Joe Fornasier thought his Hockey days were over when, at just 10 years old, he lost 96 per cent of his vision in two months.

The aspiring young player was diagnosed with Leber hereditary optic neuropathy, a rare disorder causing vision failure, and told he would have to hang up his skates.

“It crushed me,” he said. “Pretty much my whole world flipped upside down at that point.”

But six years later, Fornasier became the youngest player ever to make the Canadian National Blind Hockey team. 

The turning point, he tells CBC News Toronto, was when he enrolled in the Canadian Blind Hockey summer camp a few years after losing his sight.

“That same passion and fire that I had in regular hockey—it came back to me and I was able to play again,” said Fornasier, despite there only being a handful of players there.

The camp is now celebrating its seventh year at the Iceland Arena in Mississauga and is now attracting youth, adult and elite players from across the country as the sport grows in popularity, organizers say. 

Now 19 years old and a three-time gold-medallist with the national team, Fornasier says blind hockey is “light years ahead” of when he started playing and is giving blind and partially-sighted kids across Canada the chance to play the game.

Joe Fornasier lost 96 per cent of his vision when he was 10, but six years later went on to become the youngest player ever to make the Canadian National Blind hockey team. (Patrick Swadden/CBC)

A large part of what makes blind hockey possible is a hollow, adapted puck — three times the size of a regular hockey puck — which has eight ball-bearings rattling inside so players can hear it.

The game is also played with shorter nets.
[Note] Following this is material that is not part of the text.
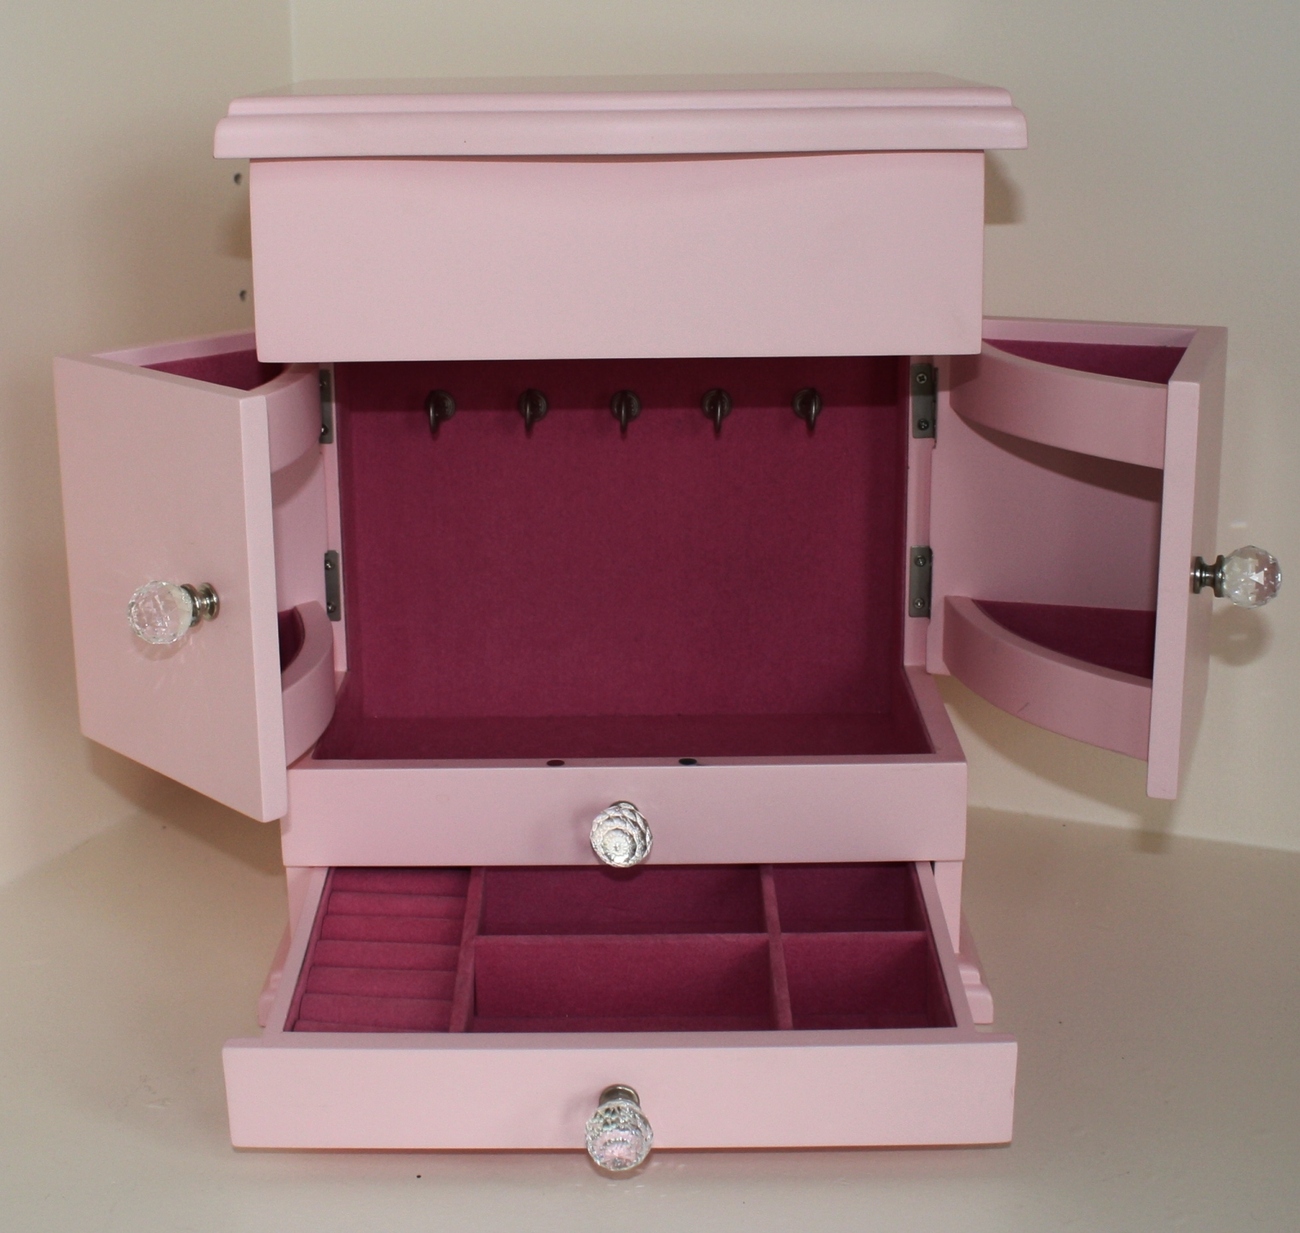 Pottery Barn Kids Teens Jewelry Box Medium Size Pink Wood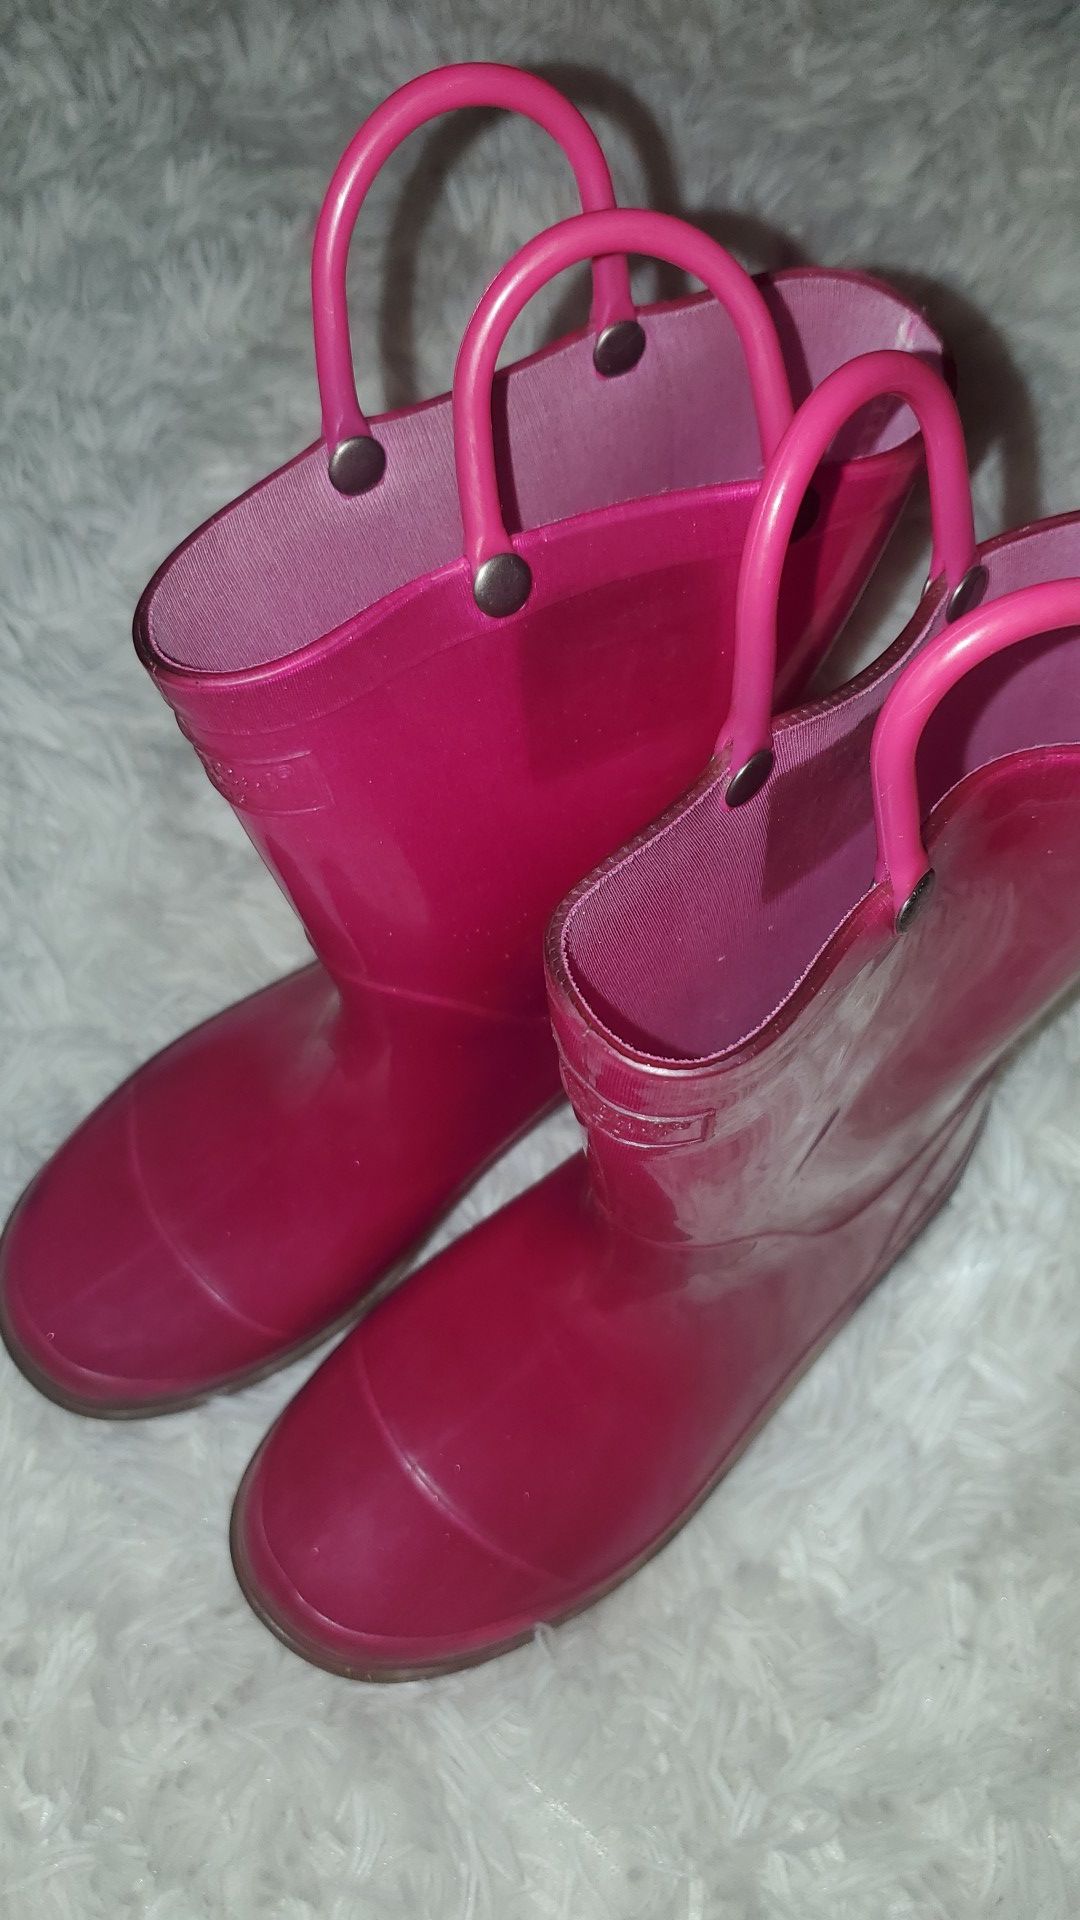 Girl's raining boots

An attacking team must also pass at least once after crossing the offensive blue line before it can score.

The most notable difference is players must be legally blind, meaning they have no more than 10 percent of their vision, while goalies must be fully blind.

‘The sky is the limit’

Canadian Blind Hockey executive director Matt Morrow says this year’s camp will feature most of the national team, as well as some elite players trying to make the cut.

“Any time we host an event like this, it has the effect of growing the para sport of blind hockey,” said Morrow, adding there are 55 participants this year, including players from Europe.

He says the camp not only helps develop the elite players, but gives them a chance to mentor youth players, some of whom are as young as six and lacing up for the first time.

“Once you get that adapted puck out there and you get them into program with other kids who are blind or partially sighted with the adapted rules, it just shows the sky is the limit,” said Morrow.

Matt Morrow, executive director of Canadian Blind Hockey, says camps like the one in Mississauga have helped grow the sport of blind hockey. (Patrick Swadden/CBC)

Laura Mark, an operations coordinator with the Canadian National Institute for the Blind (CNIB), one of the camp’s sponors, says tournaments like this help change the mindset about what can be achieved by the visually impaired.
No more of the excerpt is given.